- Collected material -
=======

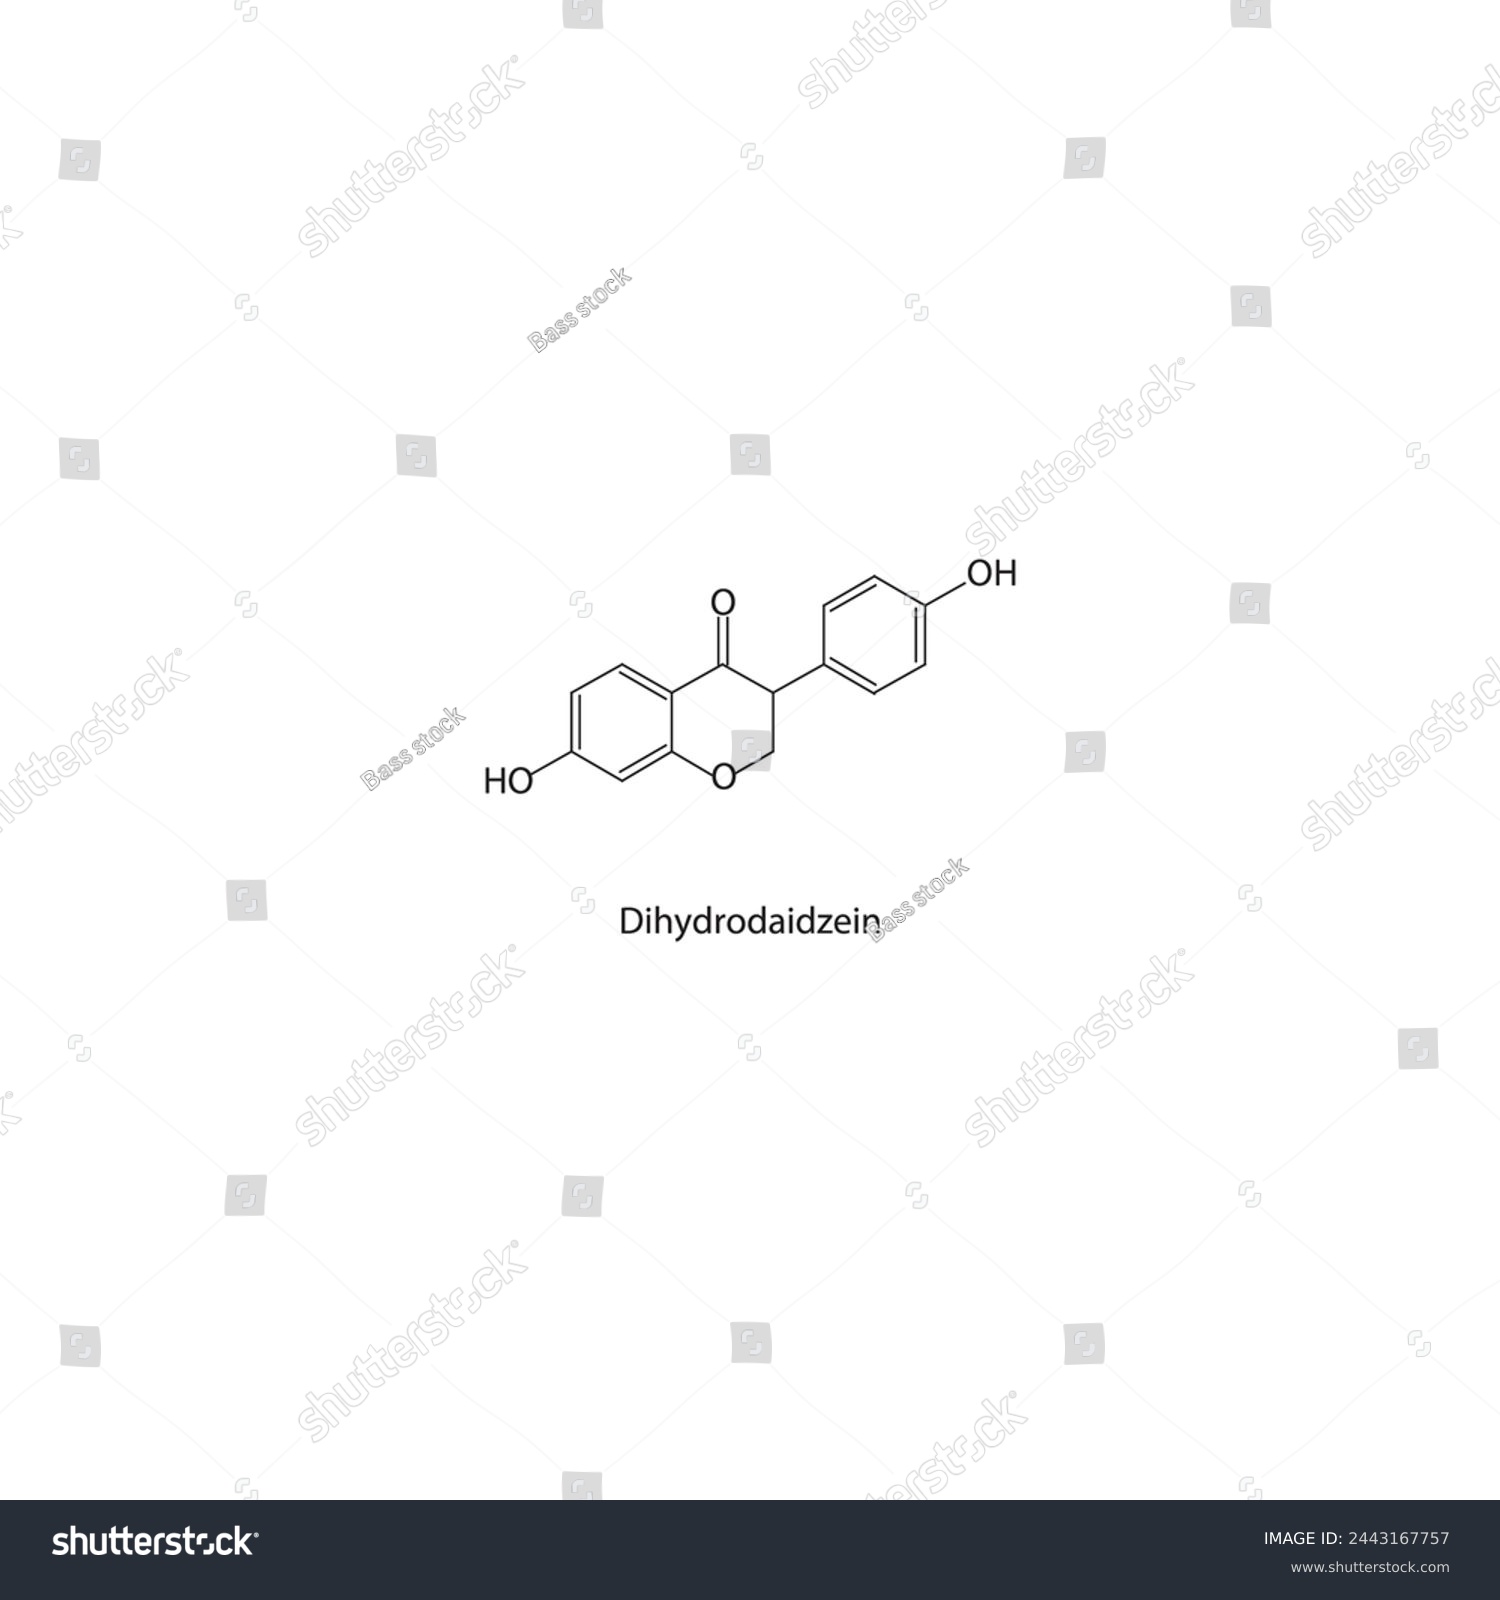 SVG of Dihydrodaidzein skeletal structure diagram.Isoflavanone compound molecule scientific illustration on white background. svg
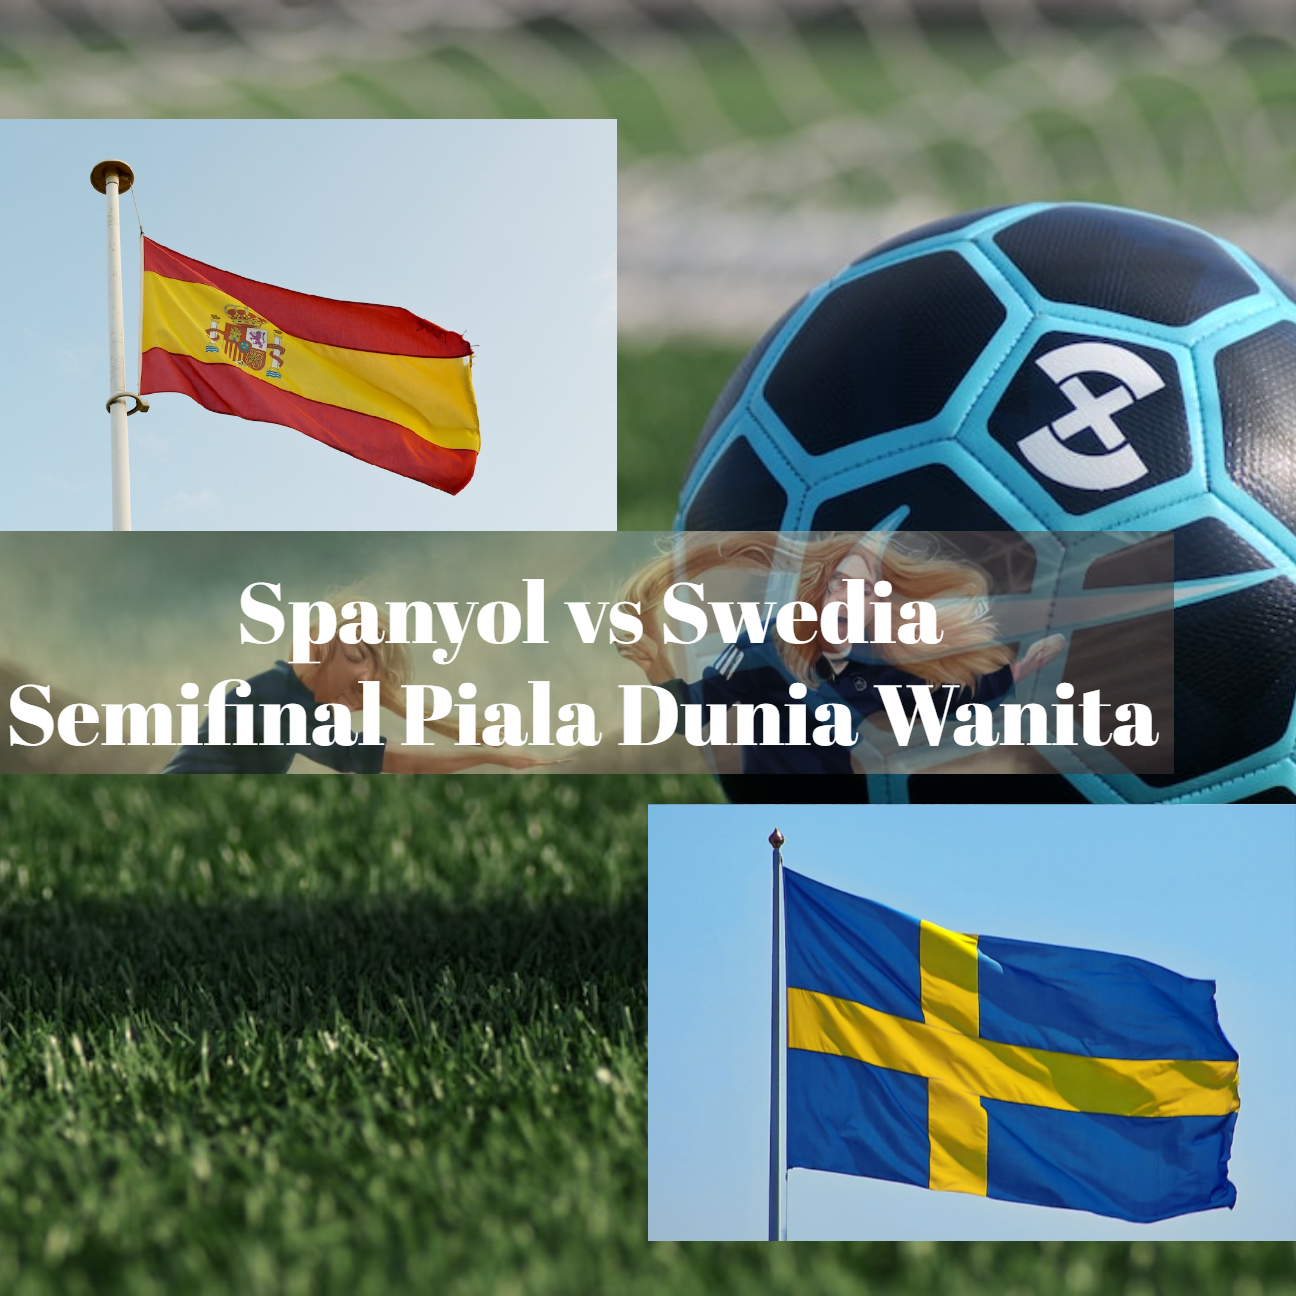 Spanyol vs Swedia di Semifinal Piala Dunia Wanita 2023
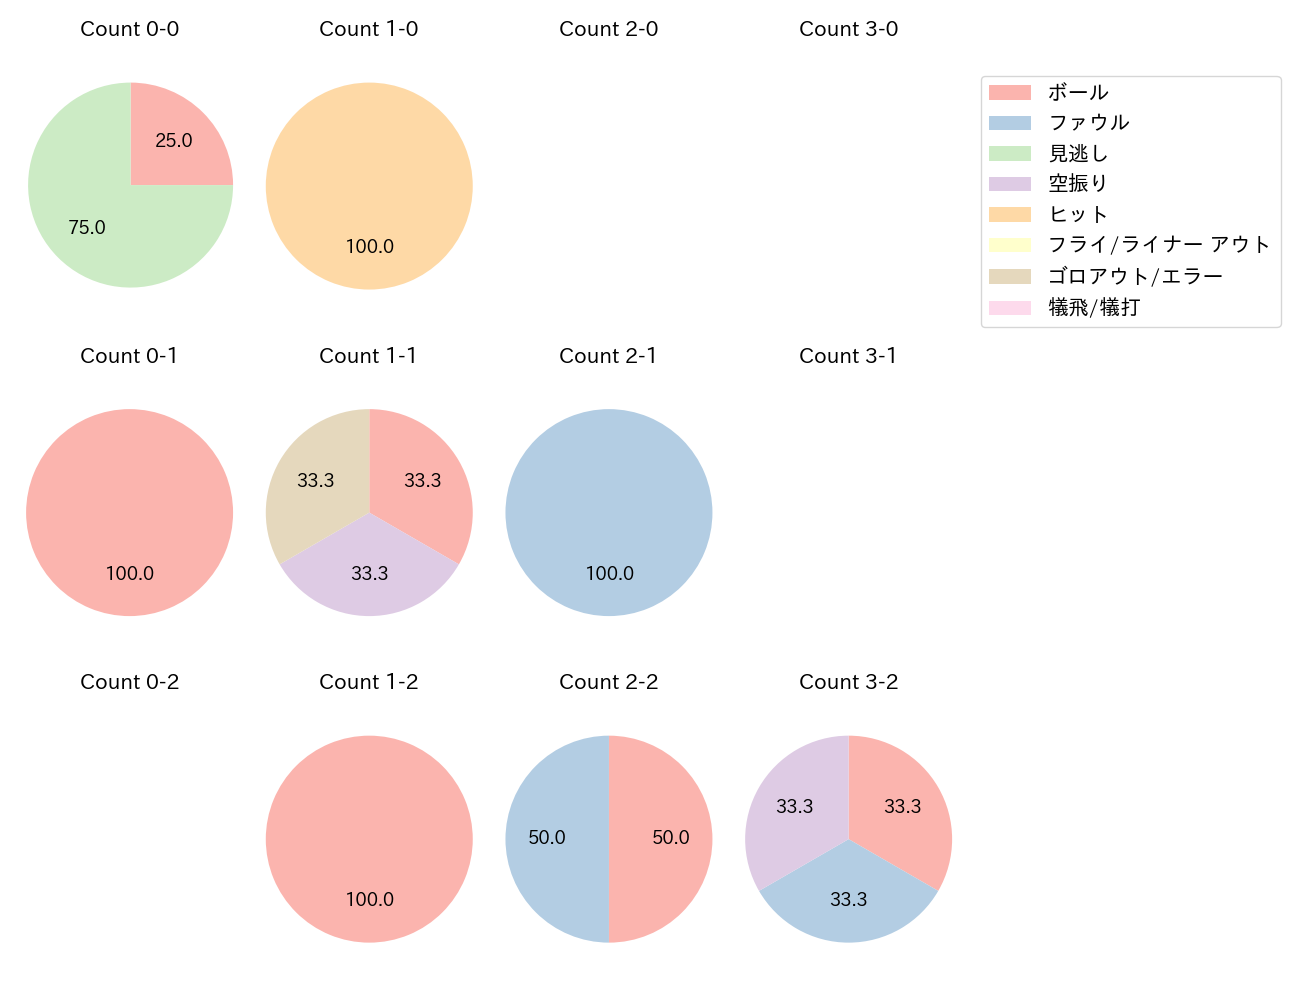 和田 康士朗の球数分布(2021年6月)
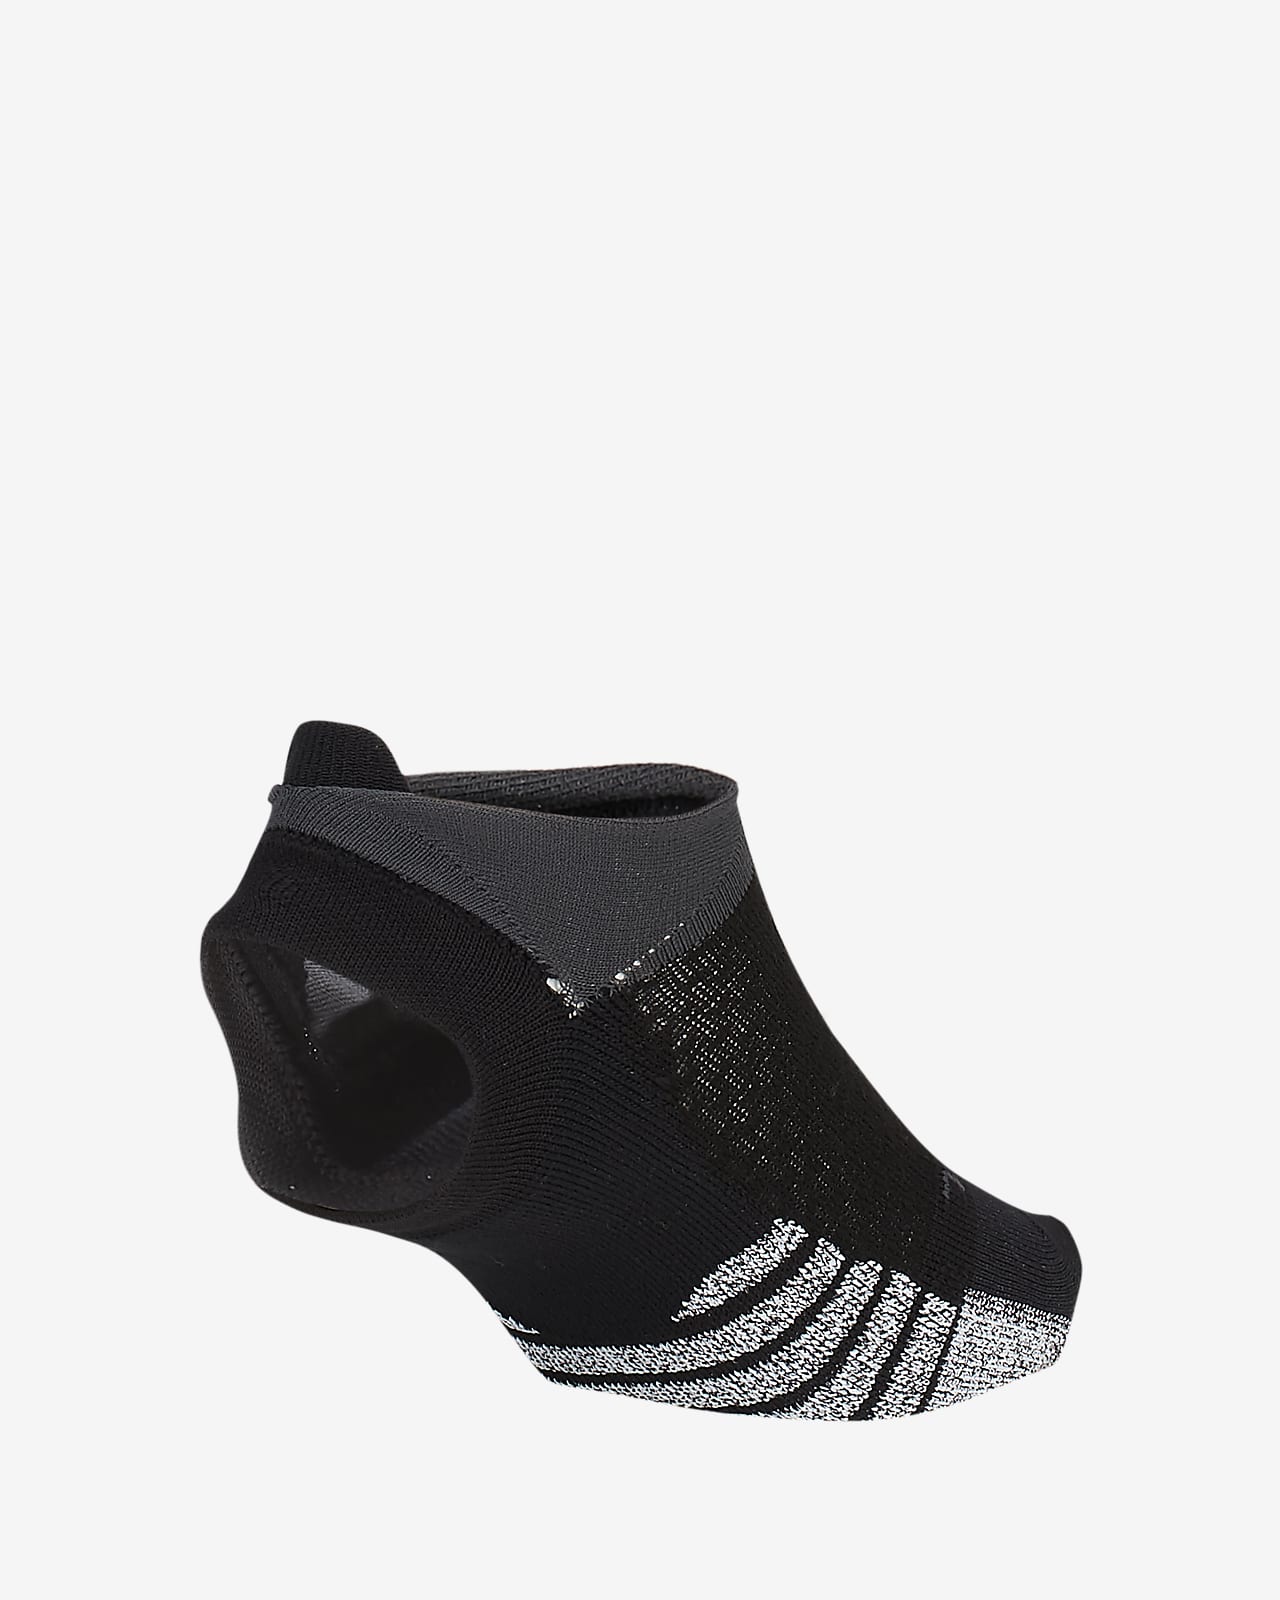 Studio Women's Toeless Footie Socks. Nike.com

=======

- Exercise -
Could you transcribe the material above exactly, keeping every picture out?

- Task solution -
 SVG of Dihydrodaidzein skeletal structure diagram.Isoflavanone compound molecule scientific illustration on white background. svg
 Spanyol vs Swedia di Semifinal Piala Dunia Wanita 2023
 和田 康士朗の球数分布(2021年6月)
 Studio Women's Toeless Footie Socks. Nike.com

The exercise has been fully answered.